____ DATA TO USE

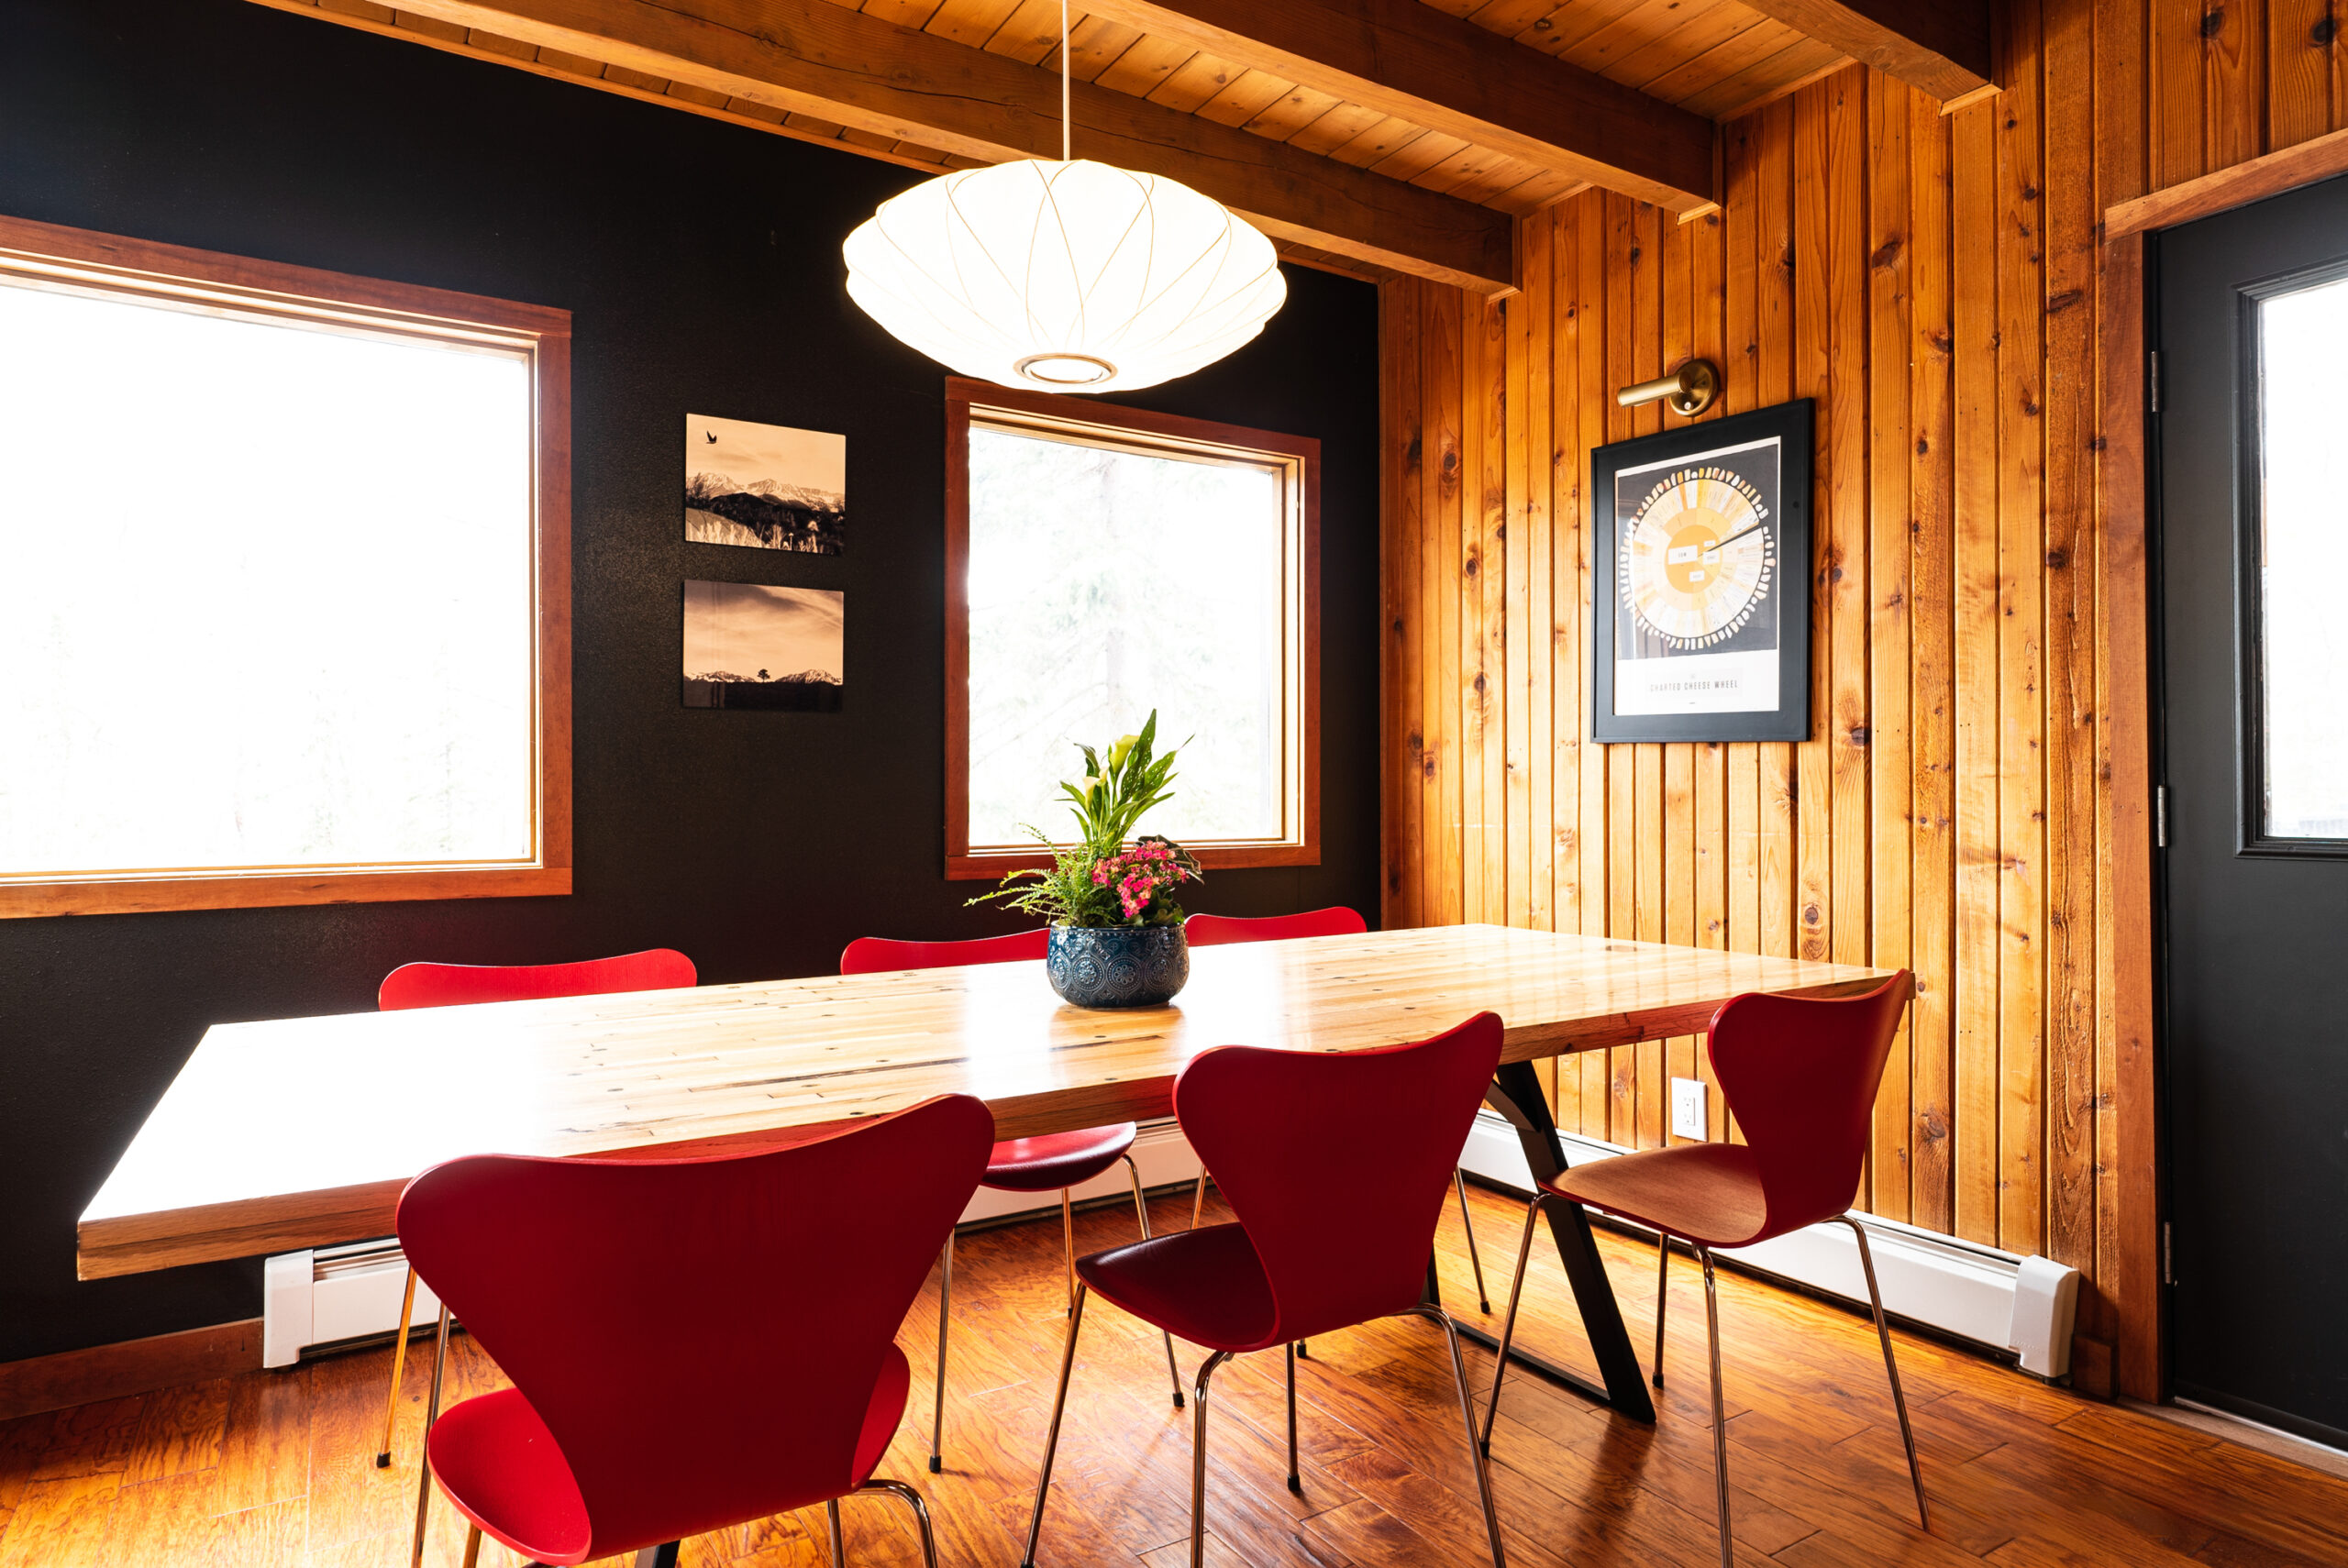 The image showcases a dining area with a modern and cozy aesthetic, featuring:

Wooden Elements: Wooden walls and a large table create a warm ambiance.
Red Chairs: Six modern design chairs add a pop of color.
Artwork: Two framed pieces adorn the walls, enhancing the decor.
Natural Light: Large windows flood the space with daylight.
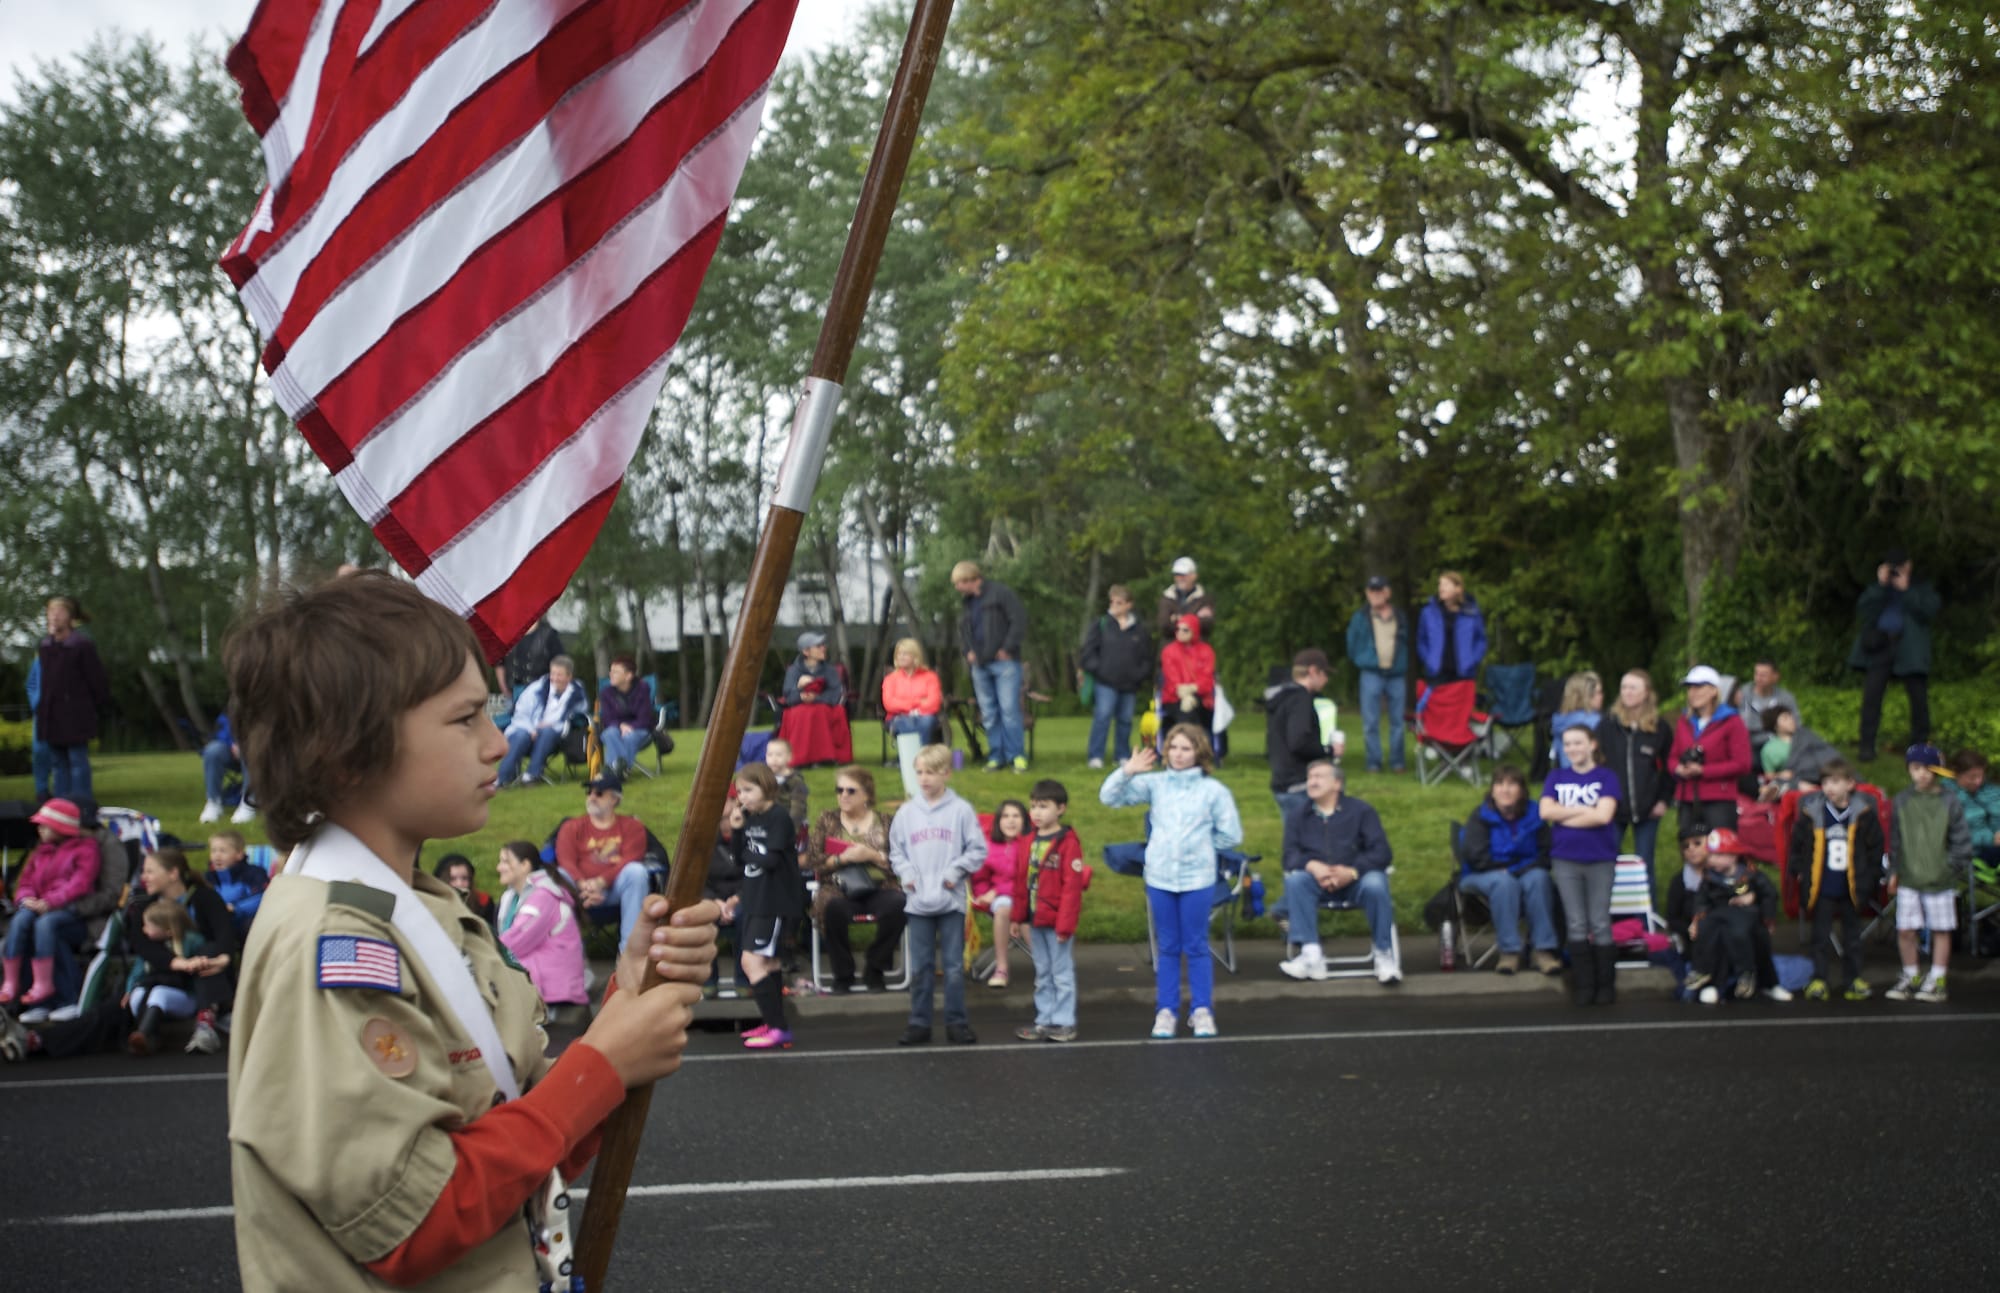 Zachariah Taylor of Vancouver holds the American flag while representing Cub Scout Pack 306 in the 2013 Parade of Bands in Hazel Dell.

________

[TO DO]
Reproduce, word for word, the lines from the one containing "Natural Light: Large" through the final line above. Leave every picture out.

[EXERCISE OUTPUT]
Natural Light: Large windows flood the space with daylight.
 Zachariah Taylor of Vancouver holds the American flag while representing Cub Scout Pack 306 in the 2013 Parade of Bands in Hazel Dell.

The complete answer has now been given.